Blend the sauce until smooth and season to taste with salt and pepper. Set aside to come to room temperature

Filling

1

Soak the dried mushrooms in cold water for 2 to 3 hours, then rinse several times, changing the water each time until the water remains clear.

2

While the mushrooms soak, plunge the asparagus into boiling salted water and cook at a full boil until bright green and crisp-tender, 4 minutes. Remove the asparagus, saving the water, and shock in ice water until cold, 1 minute. Drain and set aside.

3

Trim the stem side of the beans, leaving the curly pointed tip intact. Cut the beans in half and cook them in the same boiling water used for asparagus until bright green and crisp-tender, 4 to 5 minutes. Drain and plunge the beans into ice water for 1 minute.

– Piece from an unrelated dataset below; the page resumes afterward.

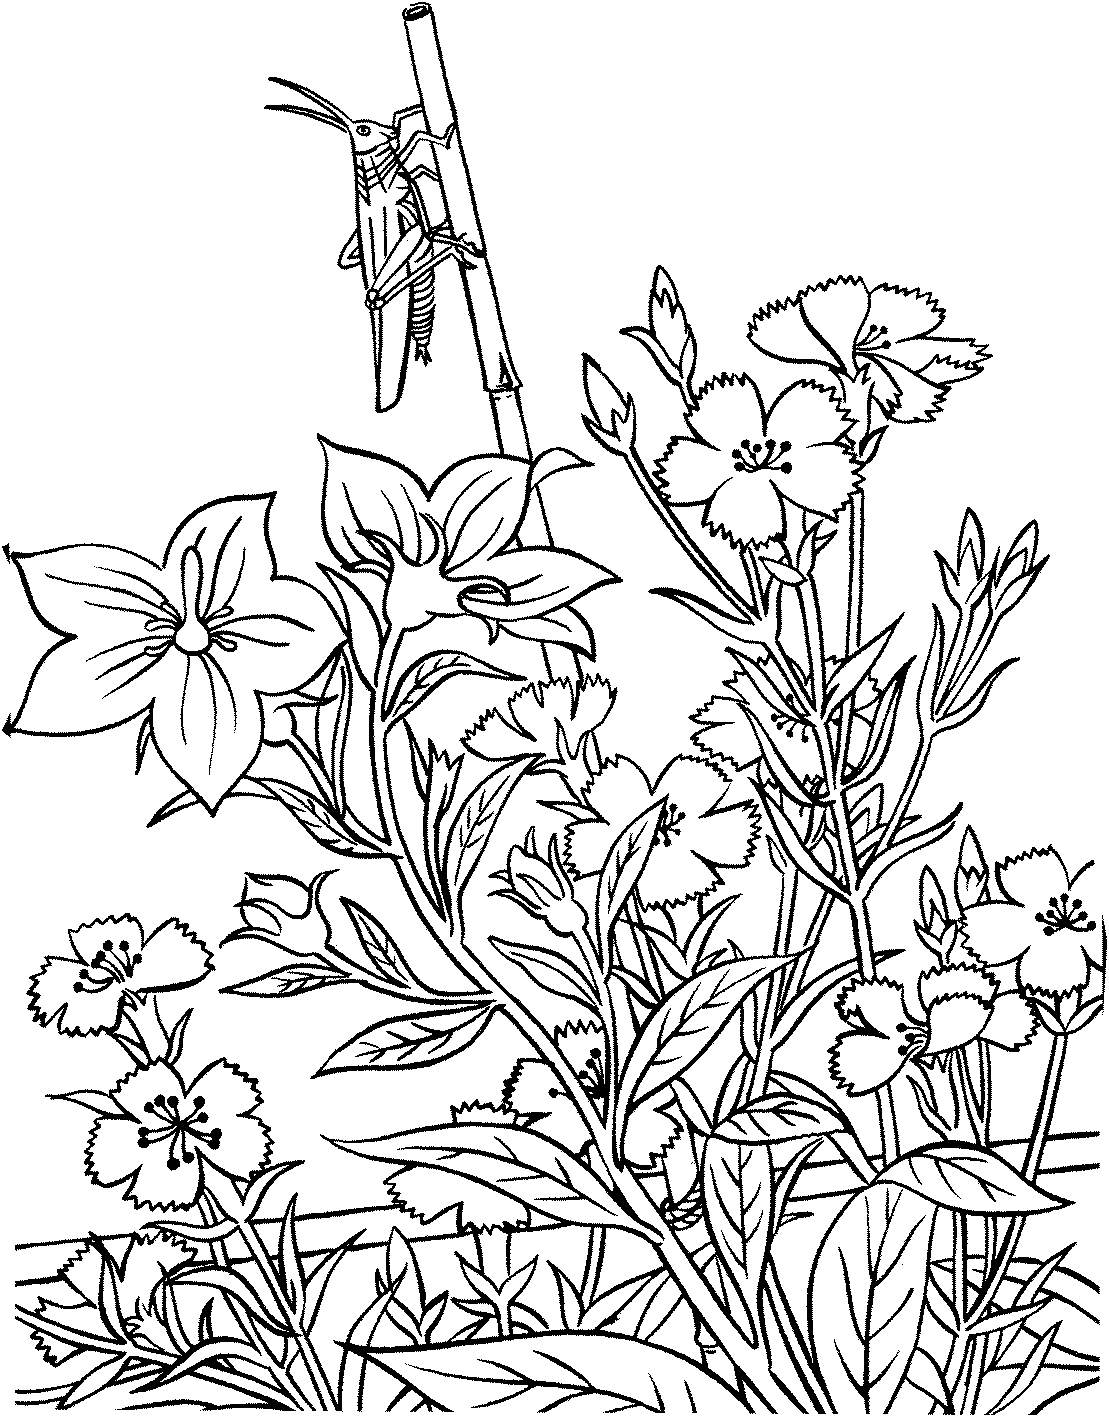 gardening colouring pages gardening coloring pages to download and print for free colouring gardening pages

Drain and set aside.

4

Bring another large pot of water to a boil. Add the sugar then the corn. Boil the corn until tender, 5 to 8 minutes. You can pull an ear out of the water, cut off a kernel or two, and taste for tenderness. Remove the corn, saving the water, and set aside until the corn is cool enough to handle. Cut the kernels off the cob and set aside, covered.

5

Plunge the onions into the same boiling water and cook until tender, 2 to 3 minutes. Remove and let cool. Cut away the knob and slide the outside skin off the onion. Set aside.

Assembly

1

Heat the oven to 350 degrees. Combine the Filling, mushrooms, chives and the Sauce and divide between the baking dishes. Lay the Biscuit Crust on top of the filling and sprinkle lightly with flour (this gives the crust a more rustic look).

2

Bake until the crust is golden brown and the pies are cooked through, 35 to 40 minutes.